Though ever mindful of the Holocaust and his lost doppelgangers on the other side of the ocean, Sendak also refused to let it be understood as a uniquely Jewish event. Brundibar begins and ends in the home of two children and their sick Mommy. In the opening scene, a doctor, his coat emblazoned with a gold star, arrives to examine her. In the closing scene, the same cast of characters celebrates her newfound health, and we see a crucial new detail in the family’s home: there is a cross high on the mantel. While the doctor treating Mommy is Jewish, the family, and thus our chief protagonists, are Christian, and have been all along.

“Everybody assumes the hero and heroine are Jewish and the mother is Jewish,” Sendak told Bill Moyers in a 2004 interview. “They’re not. They’re not. That was my point. Those kids were in the wrong place at the wrong time. And all children were in the Holocaust. Everybody was in the Holocaust. So, I made sure my hero and heroine were not Jewish children. That was too easy.”

Sendak takes the cross, which for Jews has evoked exclusion and persecution, and renders it as a sign of inclusion: we are all in the Holocaust. Just as the cross incorporates believers into the body of Christ and into the community of the church, Sendak wants his sign of the cross to incorporate all readers into the body of Holocaust experience. This goes beyond a “fantasy of witnessing,” an uncanny desire to “feel the horror” of the Holocaust for ourselves. It is a fantasy of endless, radically empathetic capitulation to the otherness within. Sendak undoes “chosenness” by making all of us pass as Jewish, together.

Sendak famously hated e-books, Twitter, and Facebook, but this did not prevent collective mourning of his death on these same platforms. Many of my friends quoted from Wild Things: “Oh please don’t go—we’ll eat you up, we love you so!” Sendak implored us to choose holding and being held, to grasp tightly even when the embrace is painful.
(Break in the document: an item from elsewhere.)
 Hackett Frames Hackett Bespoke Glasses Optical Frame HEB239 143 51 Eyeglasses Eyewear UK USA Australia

The New York Times’ obituary referred to his books as “Roundly praised, intermittently censored and occasionally eaten.” We should take that eating seriously. Food and notions of consumption dominated Sendak’s work, from the bread and milk of In the Night Kitchen to the plethora of goodies on offer at Brundibar’s market and that book’s refrain, “Milk for mommy!”
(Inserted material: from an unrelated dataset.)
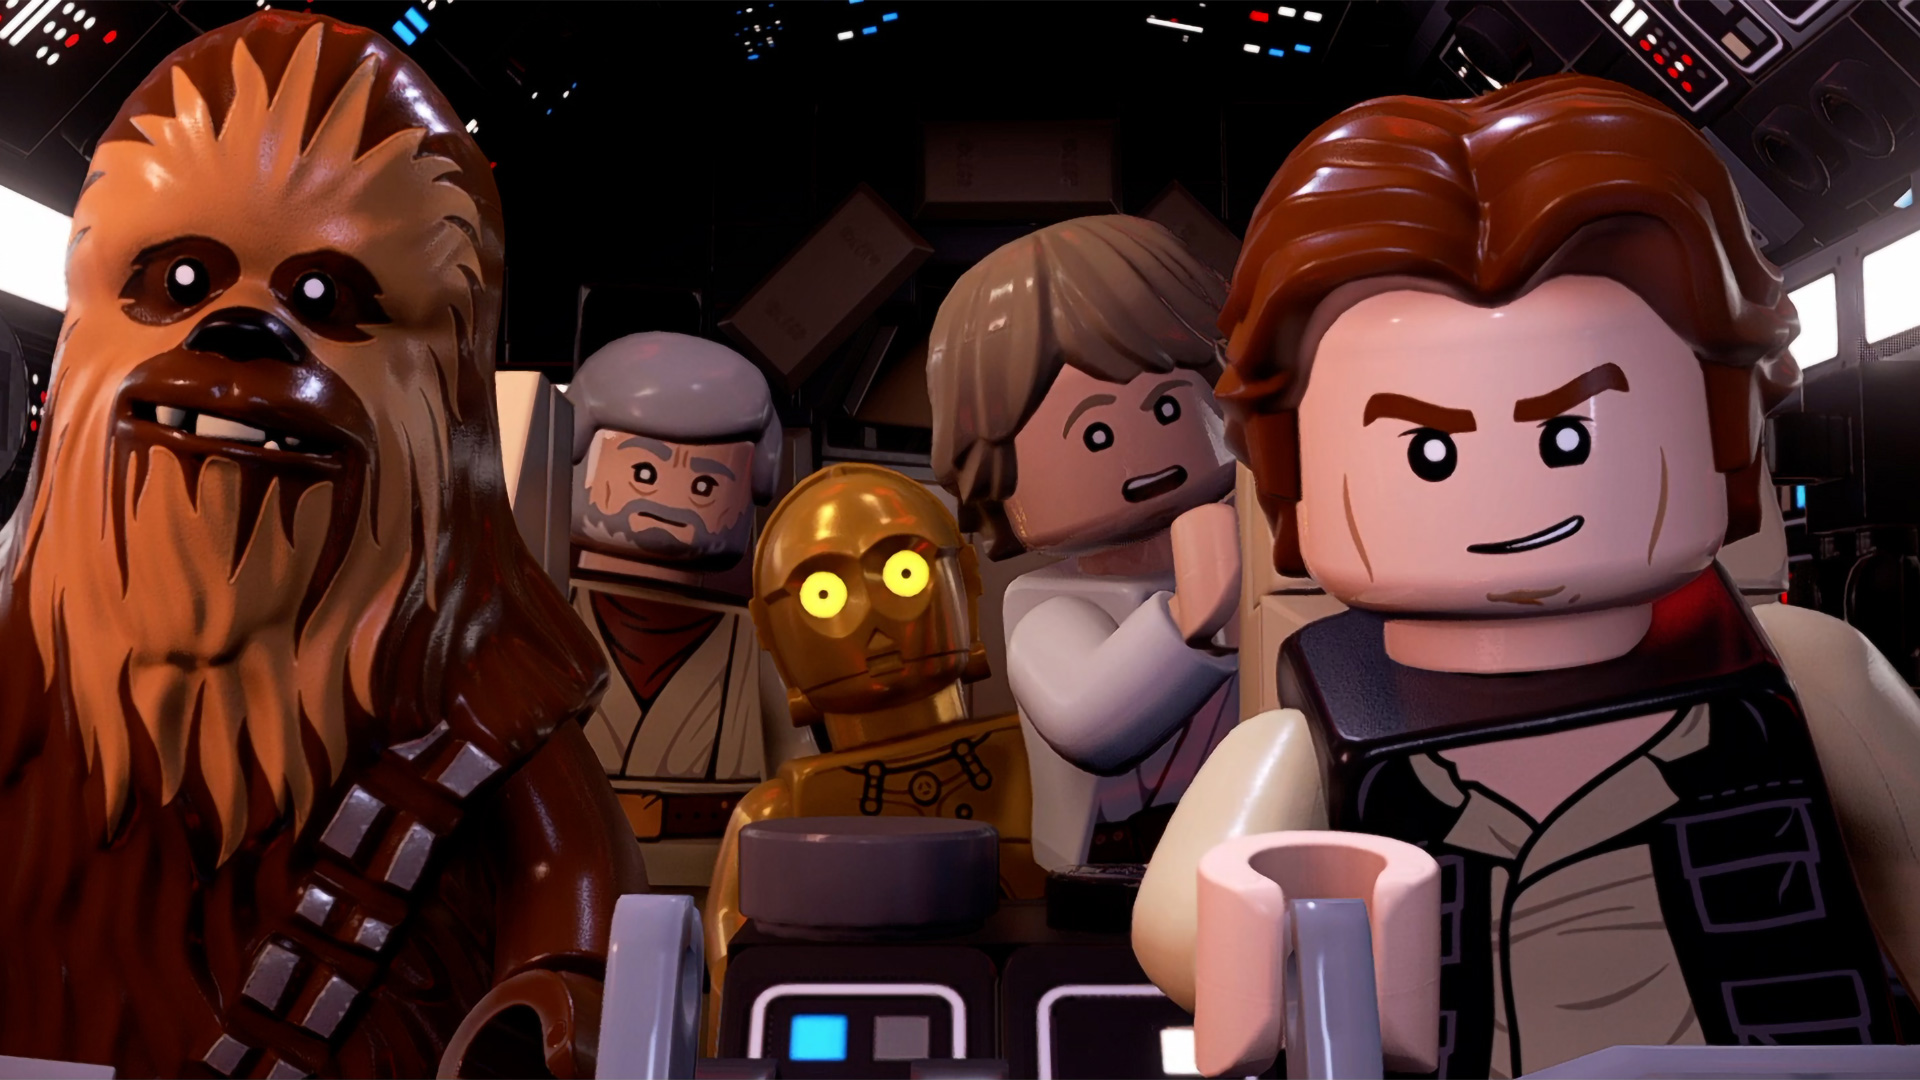 LEGO Star Wars: The Skywalker Saga gets a free update for Star Wars day

As a sickly child, Sendak spent a great deal of time in his mother’s kitchen, seeing and smelling her food preparation. Though his monsters were Jewish relatives, they were not always monstrous Jewish mothers who demanded that their children eat: ess, ess mein kind! Instead, he gave us a Jewish(ish) mother who, though visually absent, was a subtle and loving presence, a departure from most mid-twentieth century Jewish mother stereotypes.
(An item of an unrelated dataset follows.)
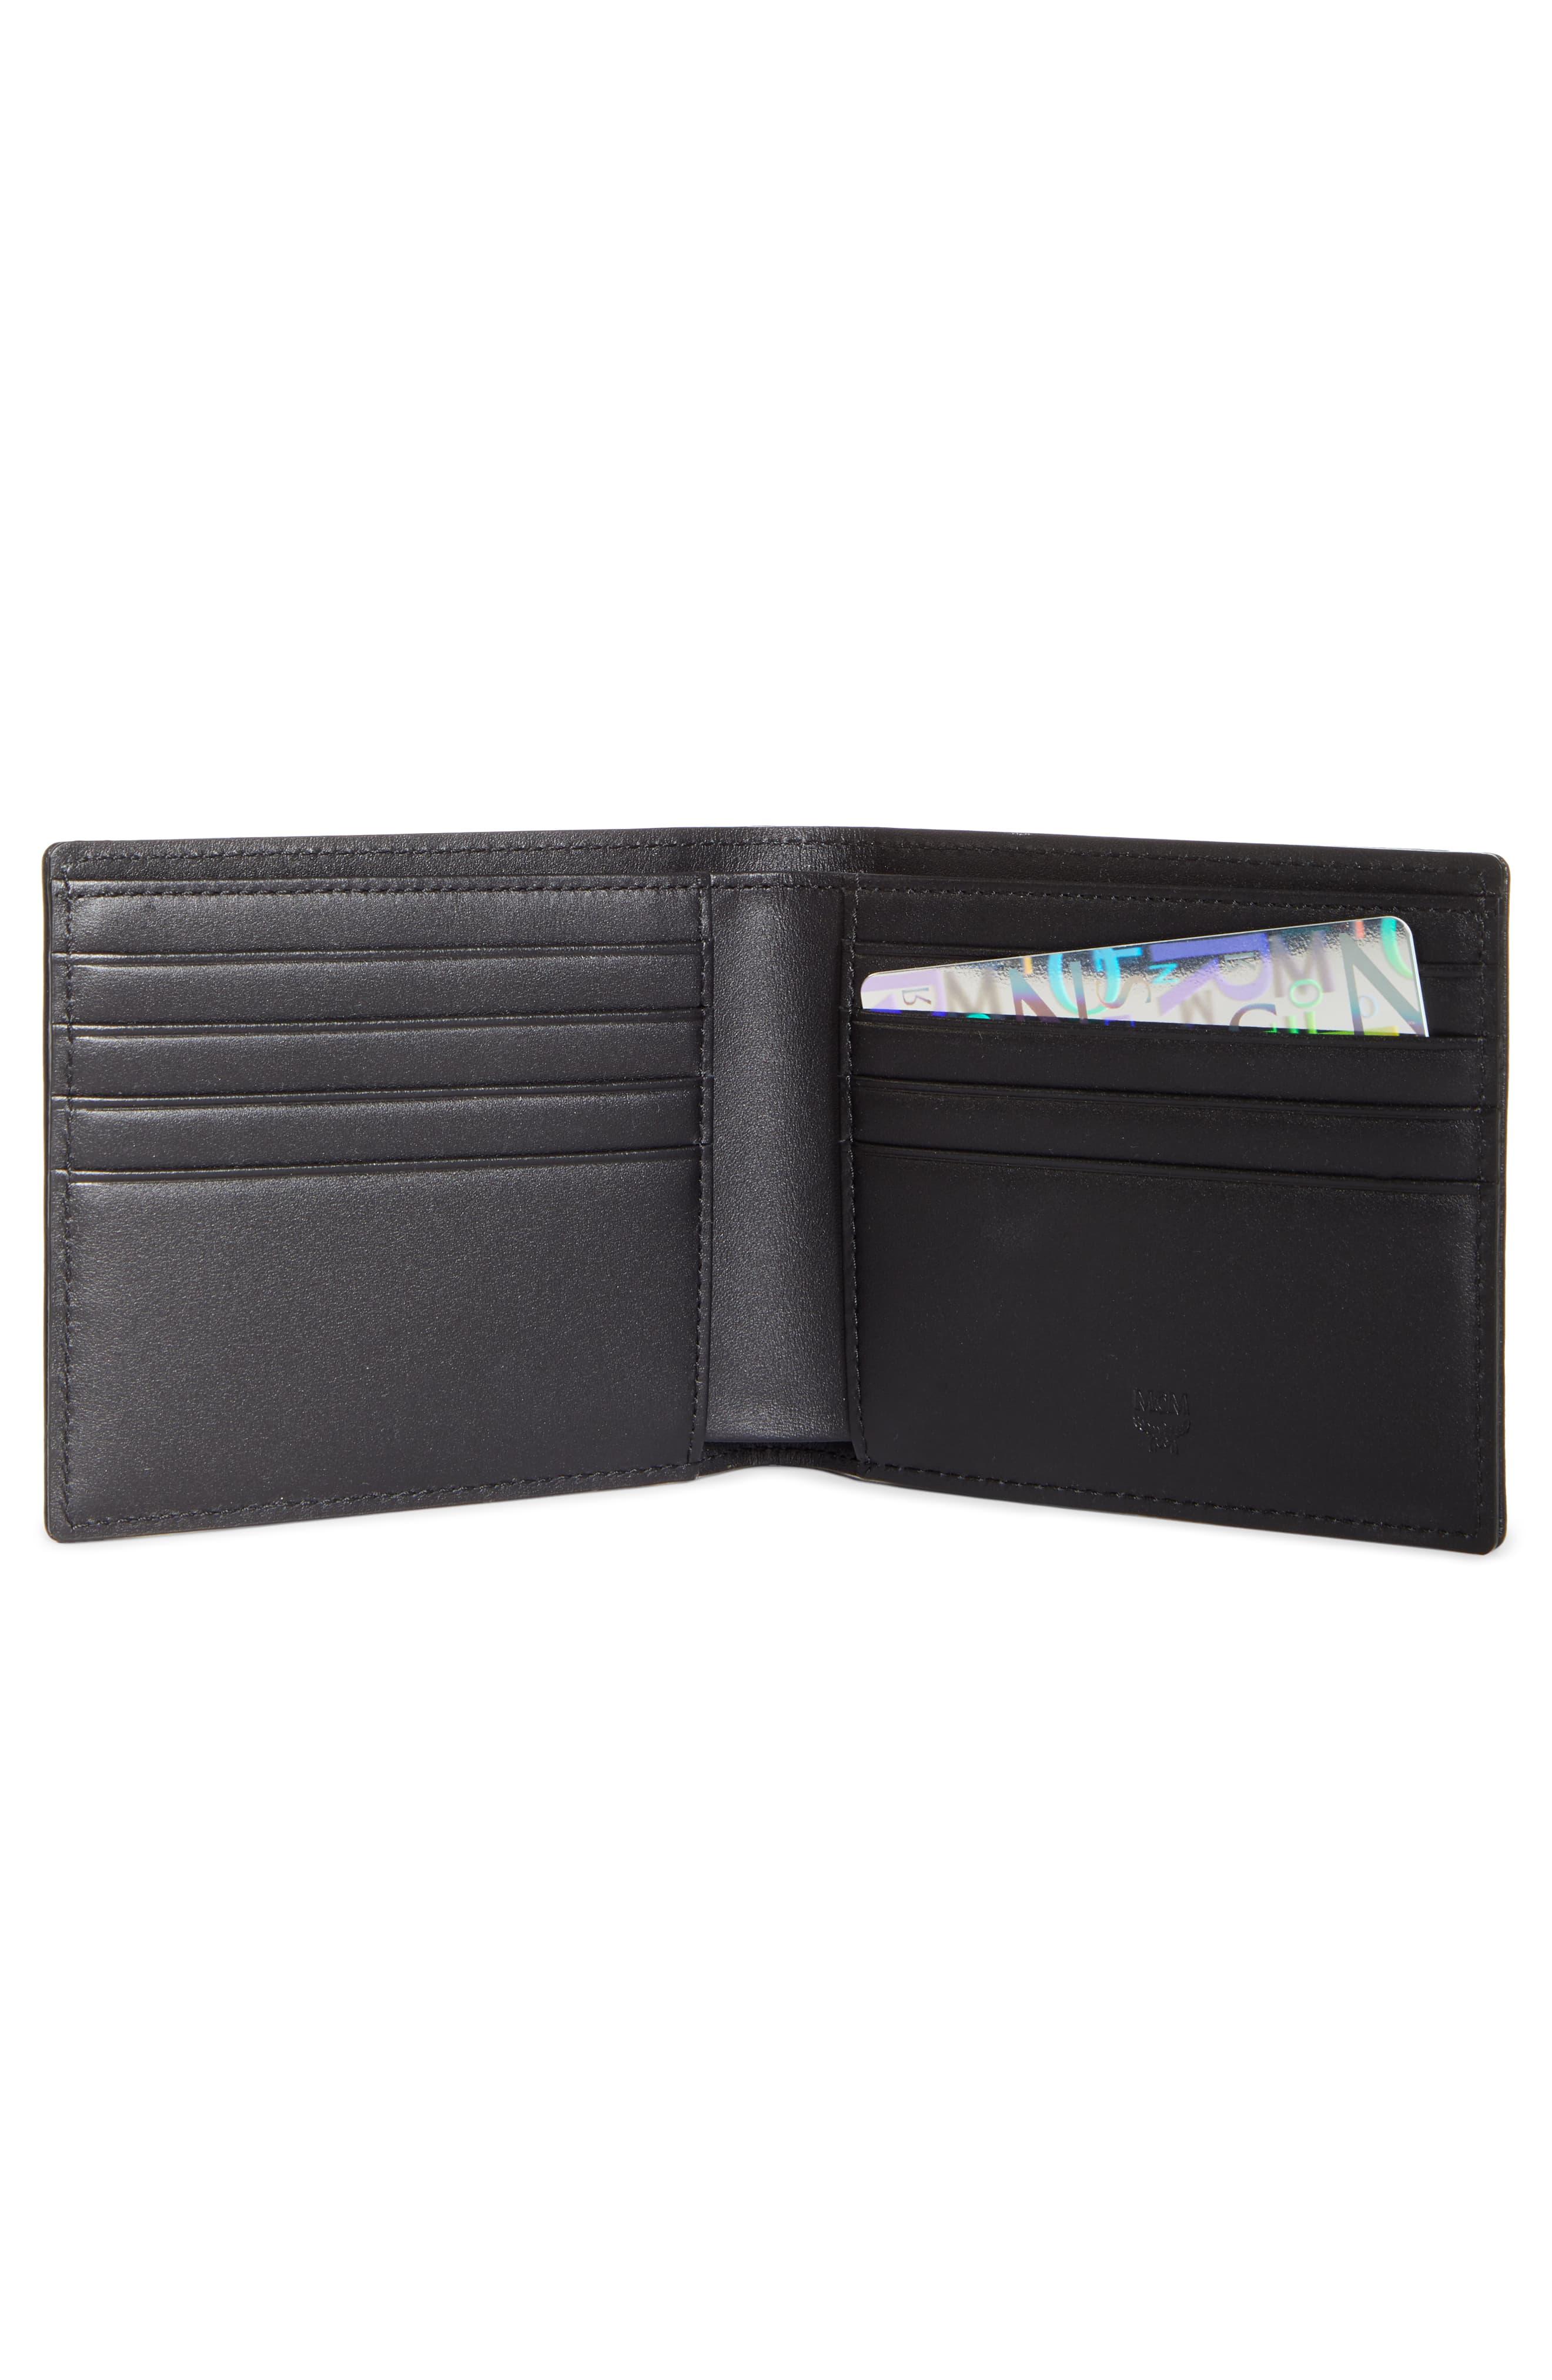 MCM Visetos Wallet in Black for Men - Lyst

Sendak’s own family relationships were fraught with tension. Yet, in the final two pages of Where the Wild Things Are, we see a rapprochement through food: the famous supper, the blank last page telling us “It was still hot.” Normatively gendered as that cooking might be, Max’s mother is groundbreaking precisely because she frees him out into imagination, but still holds him close enough to provide a slice of cake. She dwells on a fine line between stereotypes of clinging Old World parents and the very real pains and loves of Jewish immigrant families.

“I’m not the milk, and the milk’s not me!” declared Mickey of In the Night Kitchen. Later, he reverses this formulation: “I’m in the milk and the milk’s in me. God bless milk, and god bless me!” In Sendak’s fantastical worlds, identities are held in tension, and blessings happen even in the face of the darkest ovens. He nourished our minds and souls with his milk and bread, with his frightening blackbirds and raucous Wild Things. Perhaps we loved Sendak so much because he did not make us choose between pain and joy. Perhaps we loved him because he let us question chosenness itself.

In “Sarah’s Choice,” poet Eleanor Wilner, like Sendak, reimagines chosenness: “You can be chosen/or you can choose. Not both.” Sendak chose and was chosen. He chose to forego notions of Jewish exclusivity; he chose a love of music and literature that verged on religiosity. He was chosen, sometimes to his own chagrin and annoyance, by all of us.